S.J. Braun, Inc. v. Commissioner, 4 T.C. 422 (1945)
In determining equity invested capital for tax purposes after a corporate reorganization, the basis of property acquired is the transferor’s basis if, immediately after the transfer, the transferors retain a 50% or greater interest or control in the property.
Summary
S.J. Braun, Inc. disputed the Commissioner’s calculation of its equity invested capital following a 1926 recapitalization. The company argued that the fair market value of stock issued for property, including patents and real estate, should be included in equity invested capital.
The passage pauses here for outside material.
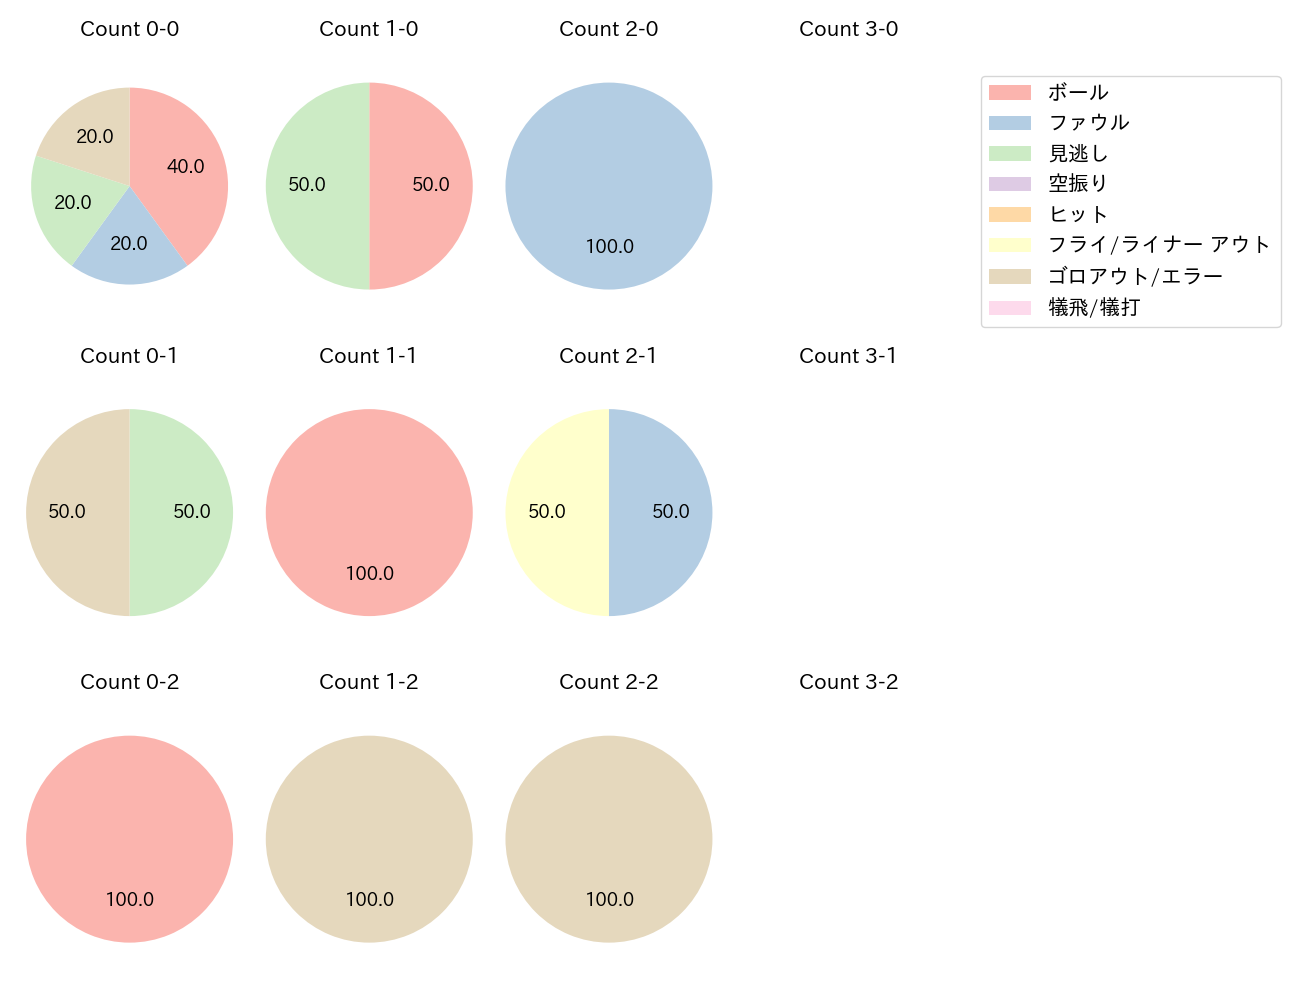 石川 亮の球数分布(2021年8月)

The Tax Court held that the basis of the patents was the transferor’s basis because the transferors retained a 50% or greater interest in the property after the reorganization. The court determined the transferor’s basis based on available evidence, applying the Cohan rule where necessary.
Facts
S.J. Braun, Inc. underwent a recapitalization in 1926. As part of the recapitalization, the company issued Class A and Class B stock to various parties, including the Brauns, National Chemical Company, Keeps, and Davis, in exchange for property including real estate and patents. Ford, Bacon & Davis, Inc. and its associates paid cash for stock. The company included the value of the cash, old stock, land, intangibles and goodwill in its reported equity invested capital. The Commissioner disallowed a portion of this calculation related to intangibles.
Procedural History
S.J. Braun, Inc. petitioned the Tax Court to review the Commissioner’s determination of a deficiency in its tax liability. The dispute centered on the amount includible in equity invested capital as a result of the 1926 recapitalization.
Issue(s)
1. Whether the basis of patents transferred to S.J. Braun, Inc. as part of a corporate recapitalization should be determined by the cost to the corporation or the transferor’s basis, under Section 113(a)(7) of the Internal Revenue Code.
Holding
1. No, the basis of the patents should be determined by the transferor’s basis because immediately after the transfer, the transferors retained an interest or control of 50% or more in the property.
Court’s Reasoning
The court reasoned that the 1926 recapitalization qualified as a reorganization. Section 113(a)(7) of the Internal Revenue Code dictates that if property is acquired by a corporation in connection with a reorganization, and immediately after the transfer an interest or control of 50% or more remains in the same persons, then the basis of the property is the same as it would be in the hands of the transferor. The court found that the Brauns, National Chemical, Keeps, and Davis retained a 50% interest in the patents after the transfer. The court then determined the transferor’s basis in the patents. As to patents from Keeps, the court applied Cohan v. Commissioner, 39 F.2d 540, to determine a reasonable basis of $2,000. As to patents from the Brauns, the court determined the basis to be $10,000. As to Davis, the court found that the patents had no basis to him, as they were likely created as an employee of the petitioner.
Practical Implications
This case clarifies how to determine the basis of property acquired in a corporate reorganization for purposes of calculating equity invested capital. It highlights the importance of determining whether the transferors retain a 50% or greater interest or control in the property after the transfer. It also demonstrates the application of the Cohan rule when precise evidence of basis is lacking. The case is significant for tax practitioners dealing with corporate reorganizations and the determination of asset basis for tax purposes. Later cases would rely on this precedent when assessing whether a transferor retained sufficient control to invoke the carryover basis rules.